TGR: Every year your company, Jefferson Financial, puts on the New Orleans Investment Conference. This year the show celebrates its 40th anniversary from October 22–25. The headline event is a panel discussion with former Fed Chairman Alan Greenspan, legendary investor Porter Stansberry and Marc Faber, publisher of the Gloom, Boom & Doom newsletter. What can investors learn from this?
BL: On the Greenspan panel we’re going to pointedly ask him about the Fed and the Treasury’s role in manipulating the gold price and how that occurs, if it occurs. He no longer has any reason to obscure the truth. There will also be a moderated Q&A with Greenspan where he’ll take questions from the audience. Those two panels with Greenspan are going to make headlines, if not history. He has a fascinating story. Greenspan was one of the most ardent and eloquent goldbugs in the 1960s. He was a close follower of Ayn Rand and some of his writings on gold still stand today as among the best ever produced on the role of gold in protecting citizens from currency depreciation.
The rest of our lineup includes Dr. Charles Krauthammer, Peter Schiff, Rick Rule and Doug Casey. People come back year after year because they get to meet these experts and talk with them. They get stock recommendations and strategies that they’ll never get anywhere else.
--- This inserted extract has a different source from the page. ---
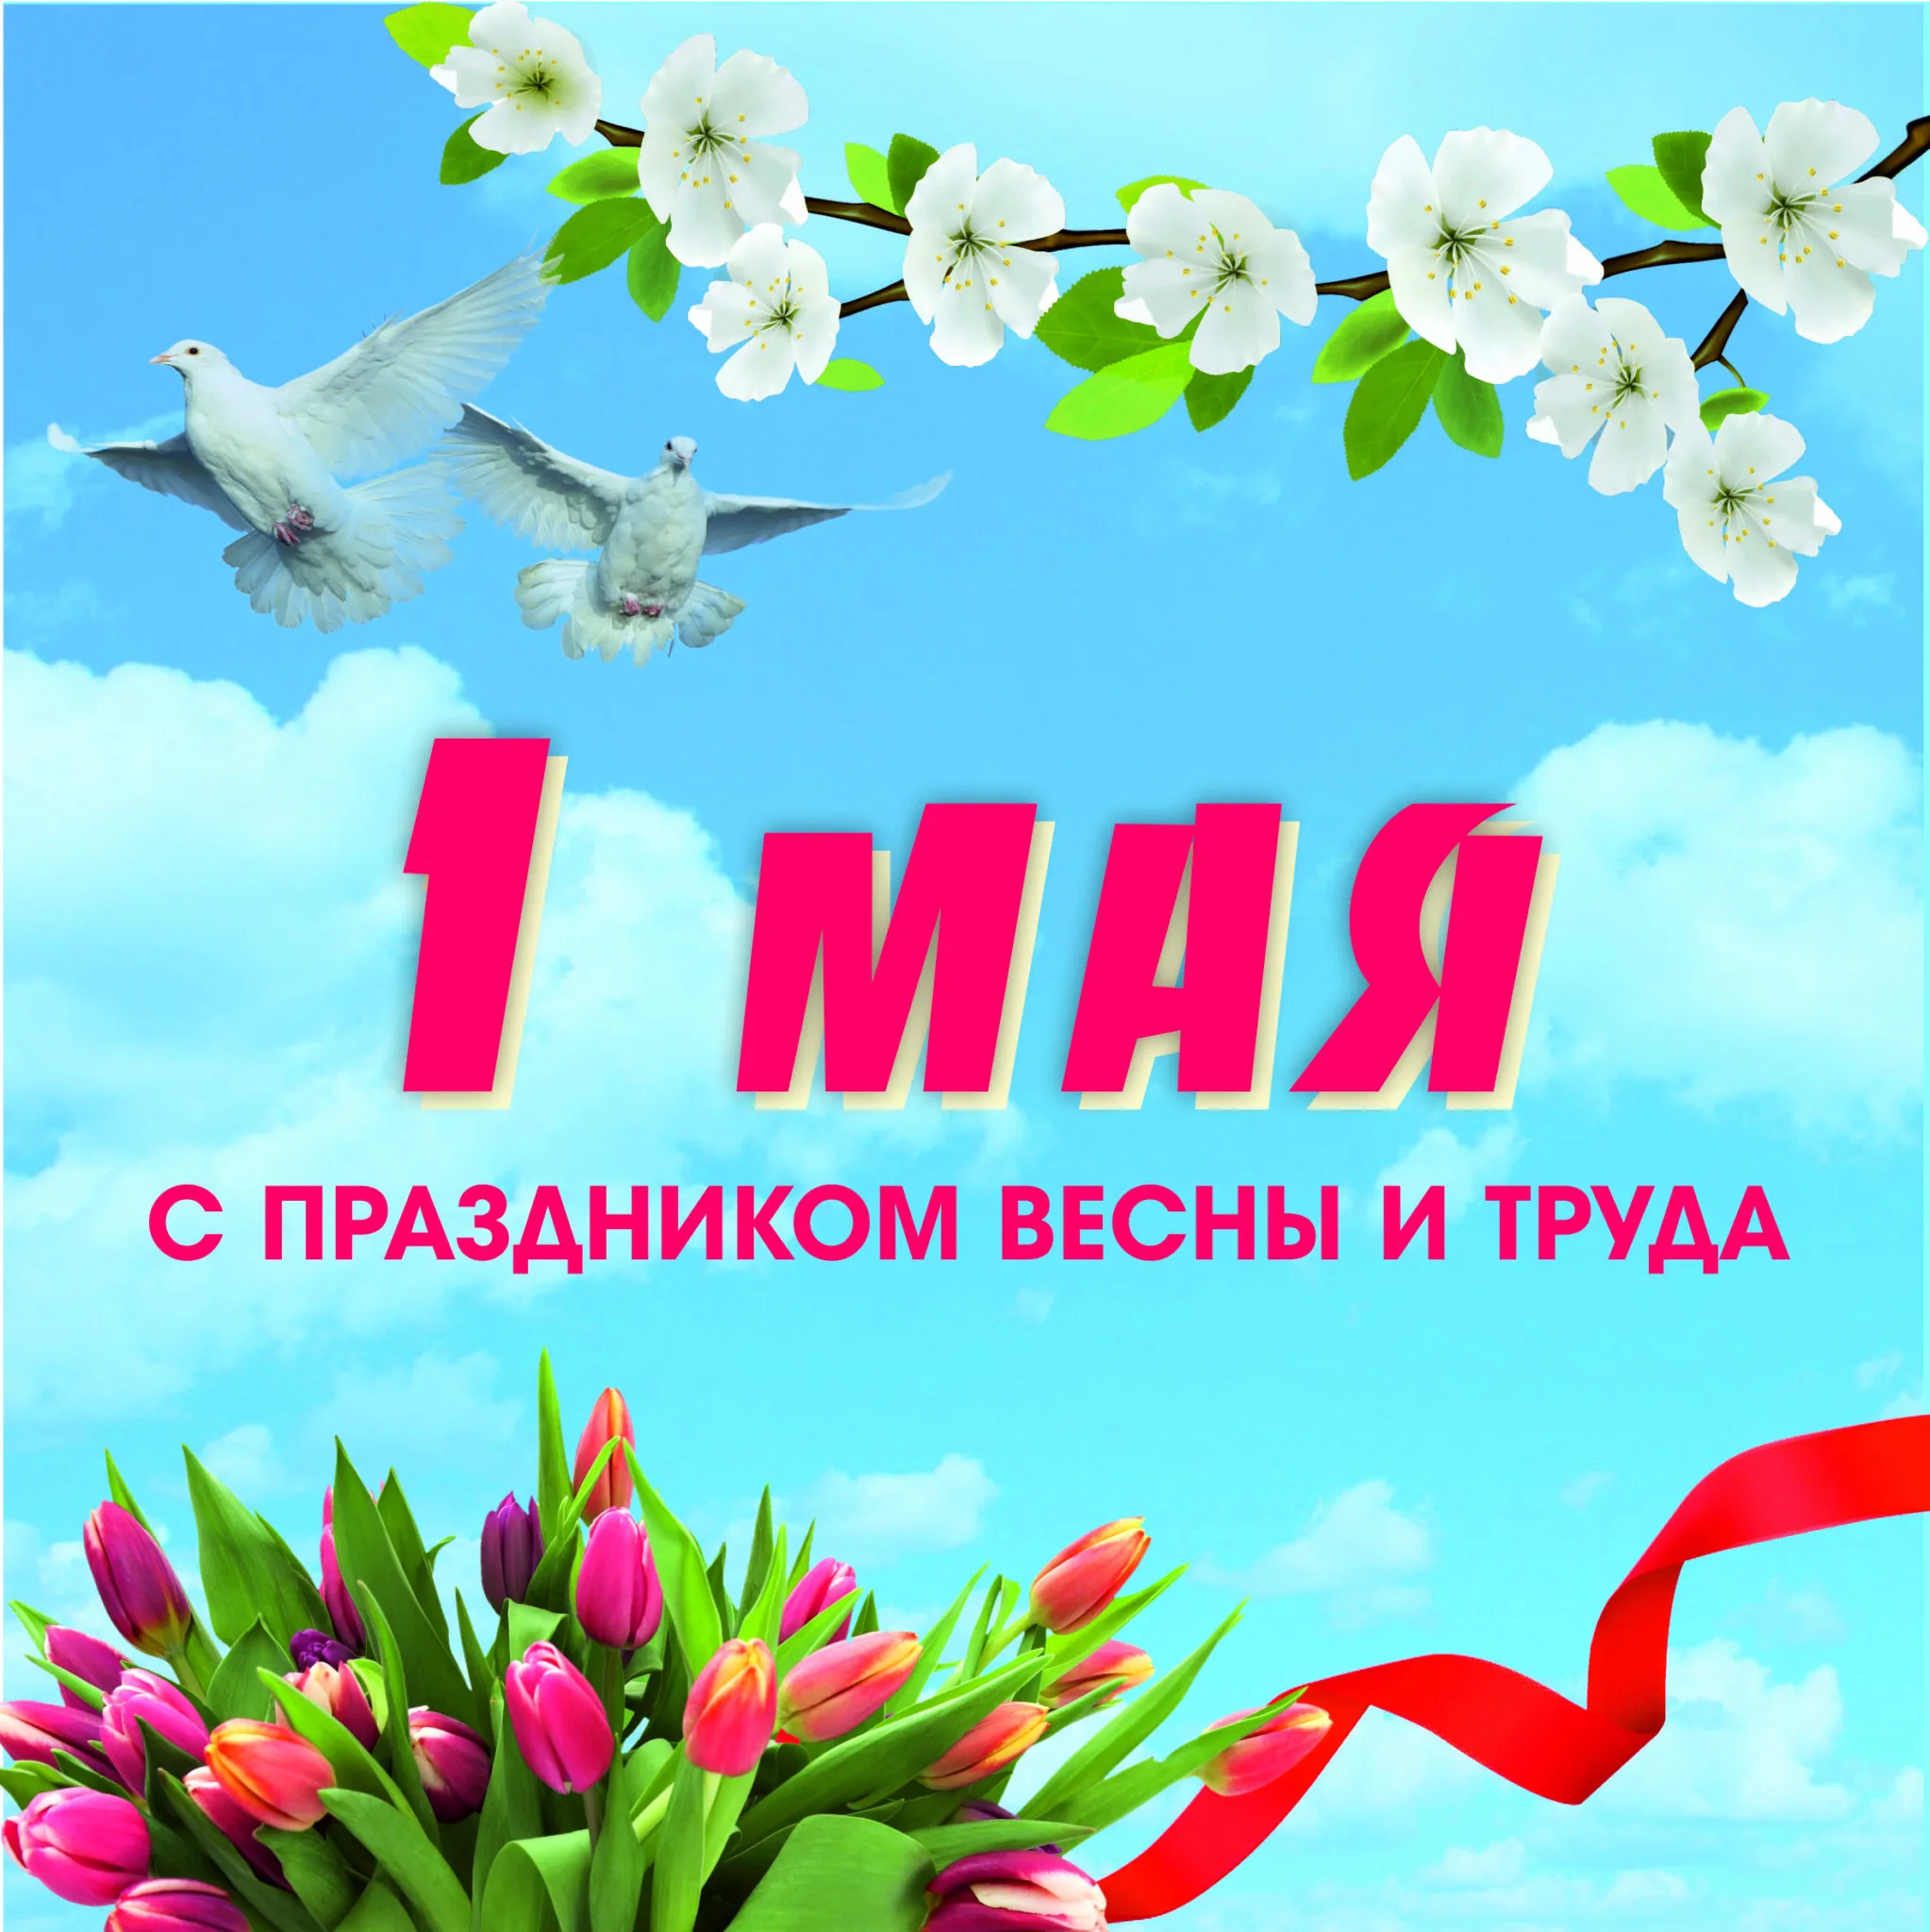 Праздник 1 мая официальное название. 1 Мая праздник. 1 Мая праздник весны и труда. Поздравление с 1 мая. Поздравления с первым мая.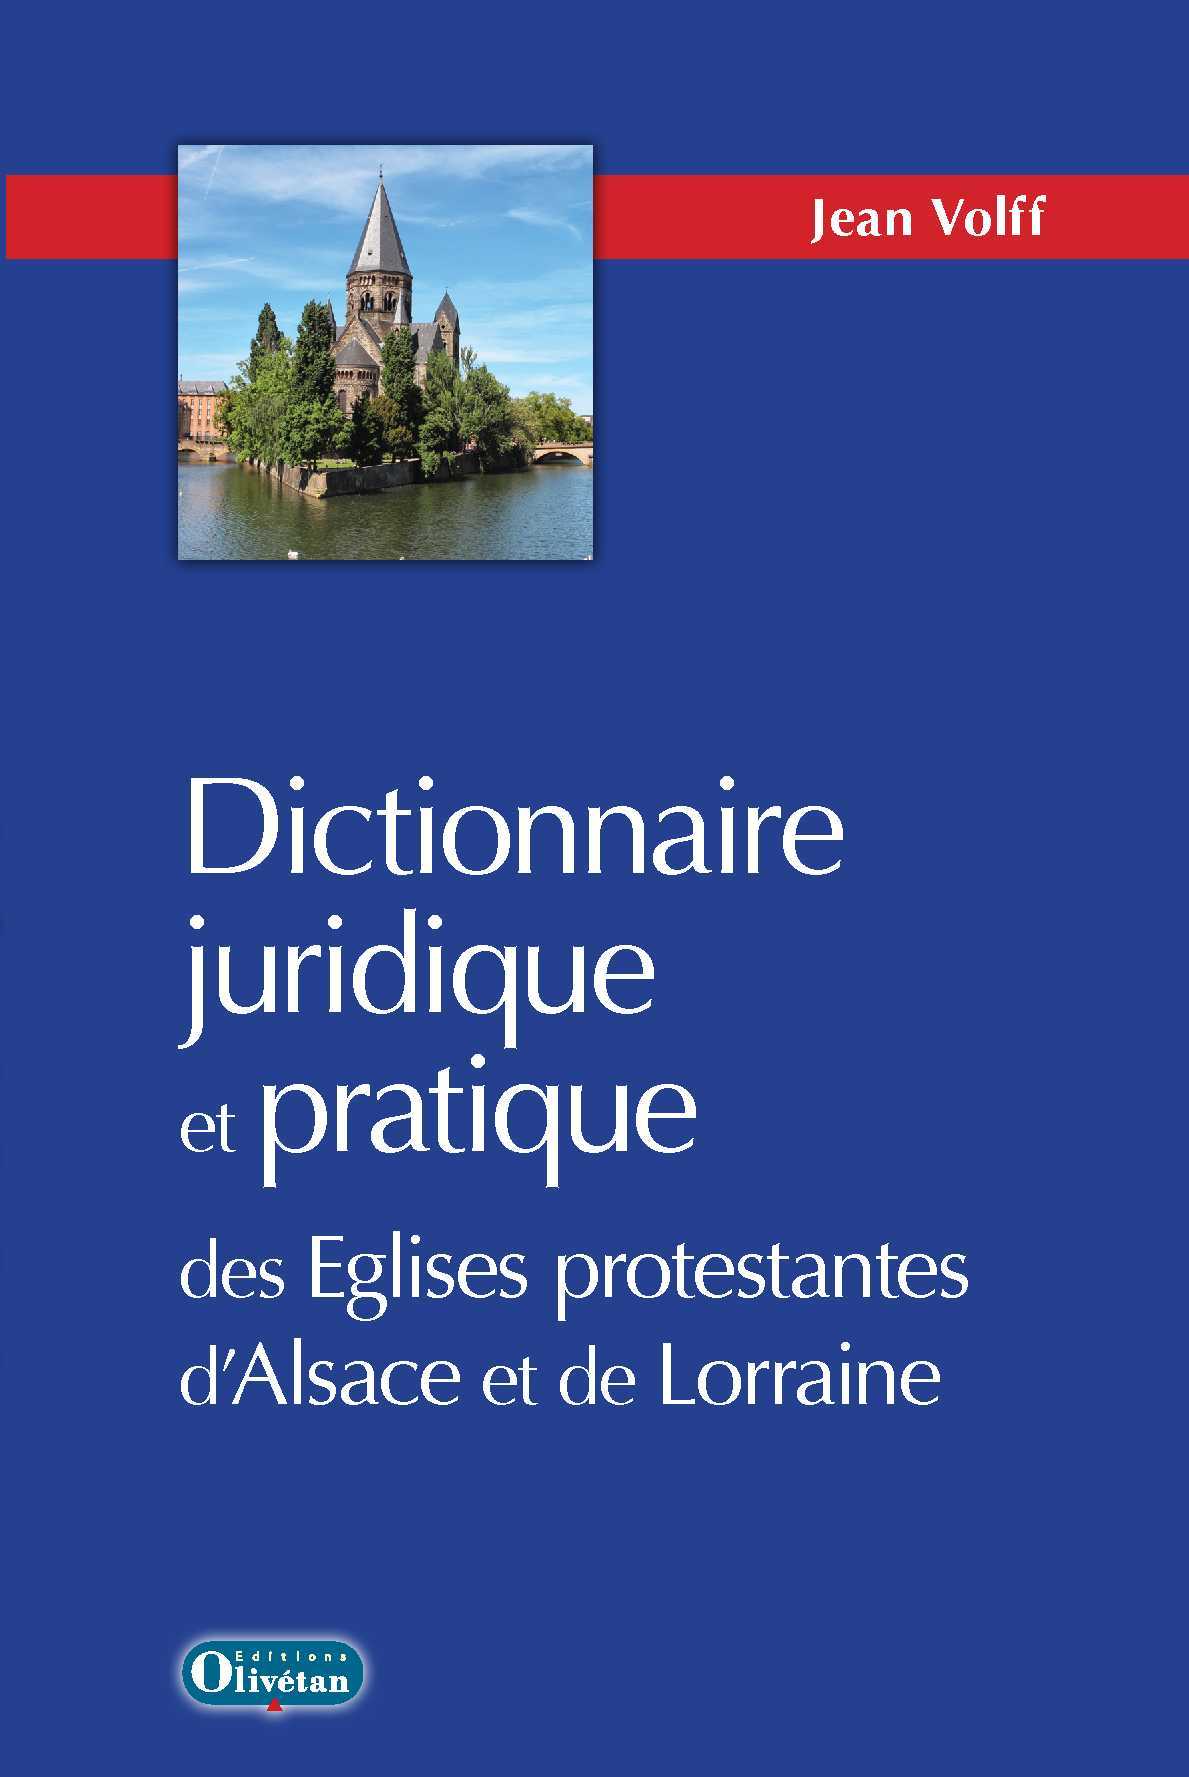 Kniha Dictionnaire juridique et pratique des Eglises protestantes d'Alsace-Lorraine Volff

It’s always a dynamic event.
TGR: Thank you for talking with us, Brien.
With a career spanning three decades in the investment markets, Brien Lundin serves as president and CEO of Jefferson Financial, a highly regarded publisher of market analyses and producer of investment-oriented events. Under the Jefferson Financial umbrella, Lundin publishes and edits Gold Newsletter, a cornerstone of precious metals advisories since 1971. He also hosts the New Orleans Investment Conference, the oldest and most respected investment event of its kind.
1) Brian Sylvester conducted this interview for Streetwise Reports LLC, publisher of The Gold Report, The Energy Report, The Life Sciences Report and The Mining Report, and provides services to Streetwise Reports as an independent contractor. He owns, or his family owns, shares of the following companies mentioned in this interview: None.
2) Brien Lundin: I own, or my family owns, shares of the following companies mentioned in this interview: Cayden Resources Inc., Askano Gold Inc., Precipitate Gold Corp., Lion One Metals Ltd., Wellgreen Platinum Ltd., Fission Uranium Corp., Aftermath Silver Ltd. and Roughrider Exploration Ltd. I personally am, or my family is, paid by the following companies mentioned in this interview: None. My company has a financial relationship with the following companies mentioned in this interview: None. I was not paid by Streetwise Reports for participating in this interview. Comments and opinions expressed are my own comments and opinions. I determined and had final say over what companies would be included in the interview based on my research, understanding of the sector and interview theme. I had the opportunity to review the interview for accuracy as of the date of the interview and am responsible for the content of the interview.
3) The following companies mentioned in the interview are sponsors of Streetwise Reports: Almaden Minerals Ltd., Asanko Gold Inc., Cayden Resources Inc., Columbus Gold Corp., Fission Uranium Corp., Lion One Metals Ltd., Precipitate Gold Corp., Roughrider Exploration Ltd. and Source Exploration Corp. Goldcorp Inc. is not associated with Streetwise Reports. The companies mentioned in this interview were not involved in any aspect of the interview preparation or post-interview editing so the expert can speak independently about the sector. Streetwise Reports does not accept stock in exchange for its services.